面談場所に少し早めに到着する必要があるので、往復の移動時間と待機時間、そして面談が1時間として合計3時間半ほどかかってしまいますが、その時間があればオンラインなら2面談もしくは3面談をこなすことが可能になります。
移動の時間が無くなったことで面談数や勉強の時間を増やすという、とても大きなメリットをもたらしました。
多くの弊所メンバーが面談数を増やすことに成功し、またある女性メンバーは生産性を少し高めつつ稼働時間を減らすことに成功。家族との時間が増えて喜んでいました。
東北や北海道では、吹雪の中で片道2時間以上かけて車を運転して商談に行くという話を伺ったことがあるのですが、非対面で商談ができればそのような時間とエネルギーのロスと、交通事故のリスクを減らせるかもしれませんね。
- 全国に商圏が広がった
非対面営業ができることの大きなメリットとして、移動時間やコストをかけなくても全国に商圏を広げることができることではないでしょうか。
実際に弊所メンバーでも、一日の間に宮古島、北海道、仙台の方々と立て続けに商談ができたと言っていました。
私自身も現在は東京以外に福岡や札幌、大阪などにもクライアントがいて毎週個別の面談や、全国の仲間たちが集まるオンライン勉強会などを開催しています。
また、地方のお客様から首都圏在住のお知り合いを紹介していただくパターンなども出てきているそうです。もはや全国一区と考えて良さそうですね。
少し変則的なパターンだと、旦那様が単身赴任中で奥様と離れ離れの世帯商談がオンラインを駆使して離れていても実施できたという事例も出てきました。
使い方次第でオンラインの可能性はまだまだ広がっていきそうですね。
- オンラインセミナーでレバレッジが大きくかかった
私自身もそうですが、弊所メンバーも緊急事態宣言が発令されて間もない頃からオンラインでの勉強会やセミナー、法人研修など実施していました。
やってみて感じたのですが、以前と大きく違ったことは場所の制約に縛られなくなったため、参加者が集まりやすくなったということです。
当然の話ですが、以前なら札幌でセミナーを開催するときは札幌周辺の人しか集まりませんでした。せいぜい東京のセミナーに神奈川や千葉の方、遠くても静岡あたりの方が参加するくらいのものでした。しかしそれが今では1回のセミナーに全国から参加者が集まってきてくています。
そして、一度参加してくださった方が周りの友人知人に次回のオンラインセミナーを紹介してくれるケースもかなり増えました。

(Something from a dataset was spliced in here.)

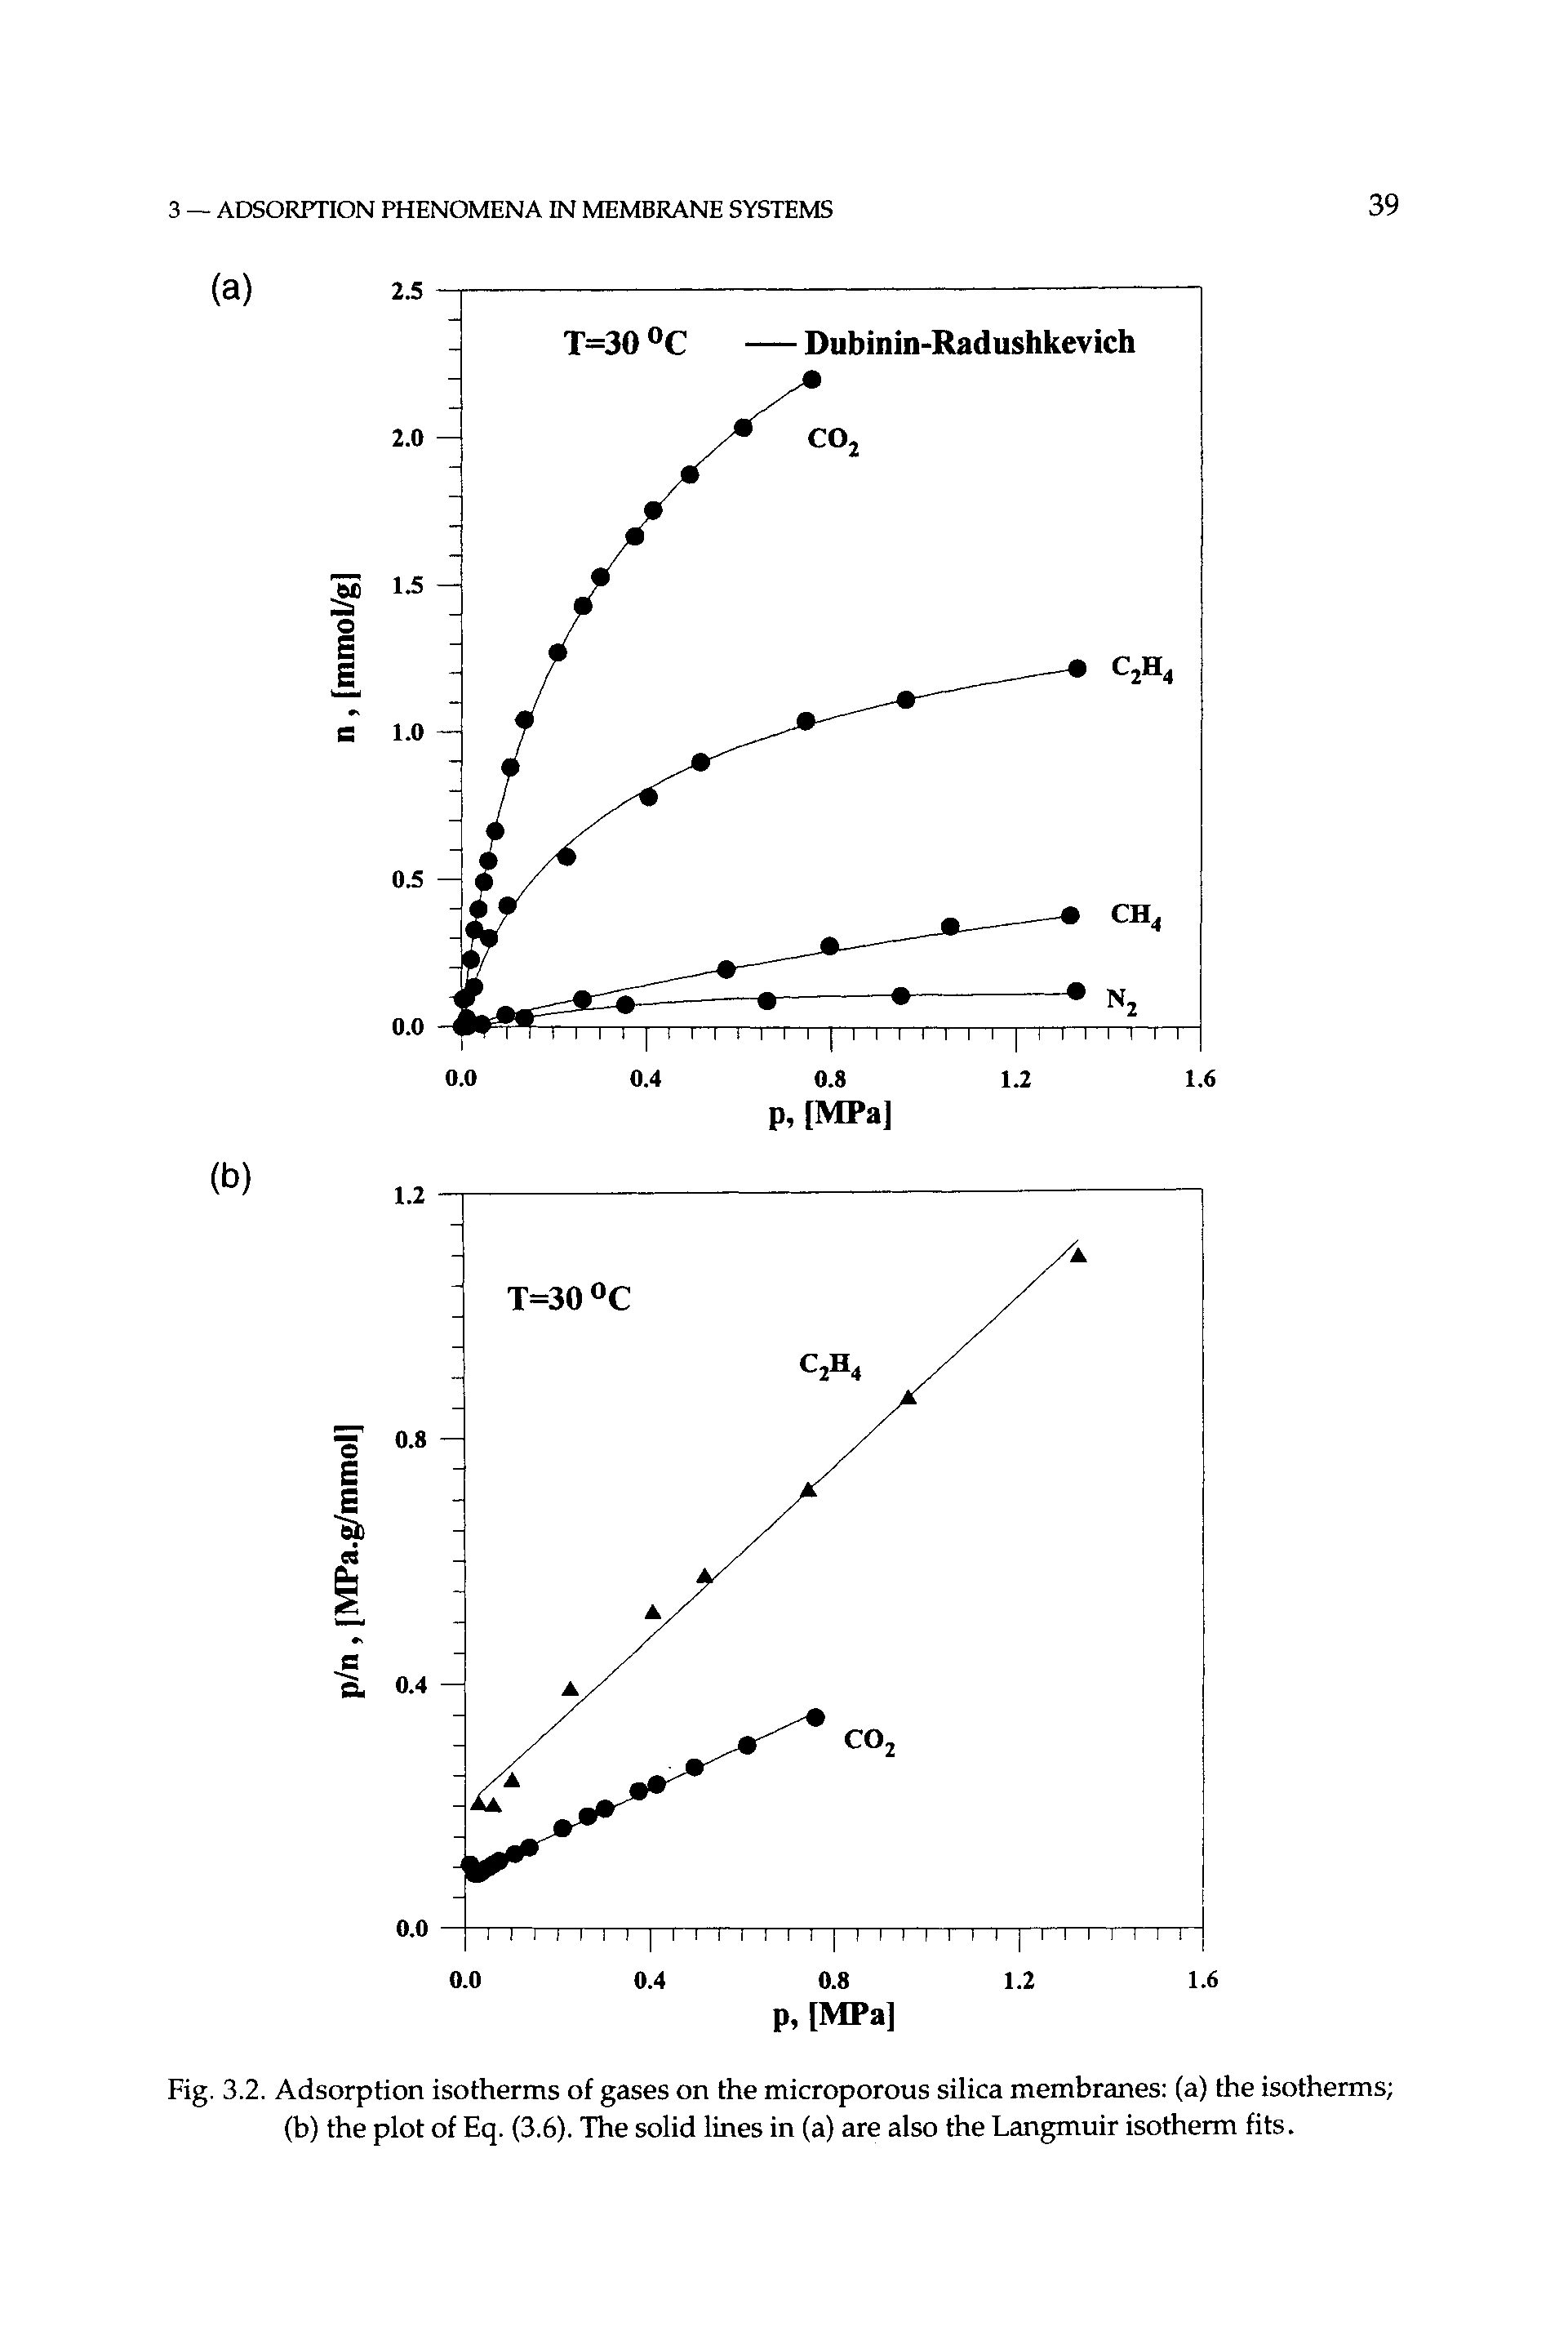 Fig. 3.2. Adsorption isotherms of gases on the microporous silica membranes (a) the isotherms (b) the plot of Eq. (3.6). The solid lines in (a) are also the Langmuir isotherm fits.

確実にレバレッジがかかっていることを感じます。
このように、生命保険募集人の方もオンラインセミナーを軸に大きくレバレッジをかけていくことが可能になりました。
セミナーを軸に戦略を組み立てている方にとっては強い追い風になったことでしょう。
ただし、個別面談移行率が対面セミナーに比べるとどうしても低くなることが多くの方の課題かなと思います。
ひとつの解決策として、コミュニケーションが取れる程度の小規模セミナーを回数こなしたほうが成約率が高くなる傾向にあるので、集客容易にできるからと言って規模を大きくし過ぎないことが大事かなと思いました。
大きなセミナーは実績作りや自己ブランディングのため、小規模セミナーは成約率重視と、使い分けていくことが大事ですね。
4. 対面営業と非対面営業のハイブリッド事例
緊急事態宣言が解除された6月以降に弊所クライアント達の営業活動に変化が起こりました。非対面営業を初回有効面談やファクトファインディングなどセールスプロセスの前半に効率的に活用することで商談の母数を増やし、プロセスが先に進み、少しでも影響力を効かせたりミスを減らしたいプレゼンテーションやクロージング、お申込み手続きなどは対面で行うというハイブリッド型のスタイルが増えてきました。
これにより、商談数も増えるし、成約率も全て対面の商談とそれほど変わらないくらいまで上昇。今まではご契約をお預かりできるかどうかわからない遠方に何度も直接足を運んでいた商談でも、プロセスの前半をオンライン化することである程度確度が読める商談のみ現地に足を運ぶという動きも可能になり、移動にかかる時間やコストを大きく減らすことに成功しています。
まとめ
非対面営業に関しては思い込みや苦手意識で足が止まる人が本当に多かったです。
緊急事態宣言が解除された後は対面営業も解禁されたこともあり、対面営業主体の動きに戻ってしまった方も多いのではないでしょうか。
その一方で、非対面営業によるメリットに気付き、そのメリットを享受できた一部の募集人たちは今も物凄い勢いで全国に商圏を広げていっています。
うまく活用すれば自分たちにとって大きなメリットをもたらす非対面営業ですが、裏を返せば競合も自分達の周りのマーケットをひっそりと、そして物凄い勢いで非対面営業により開拓し始める可能性も出てきているということです。
そういったリスクにも目を向ける必要があるので、新契約を広げていくこと以上に今までお付き合いのある既存顧客フォローをマメに行い、知識提供による貢献によって堅い信頼関係構築が必要なのではないかと私は考えています。
非対面での活動ができることで顧客フォローのやりやすさも格段に上がりました。
広げる動き(新規開拓)と守る動き(保全活動)の両方で非対面営業を上手に活用し、重要な局面では対面営業の効果的な部分を活用するというハイブリッド型営業、ぜひあなたもトライしてみてください。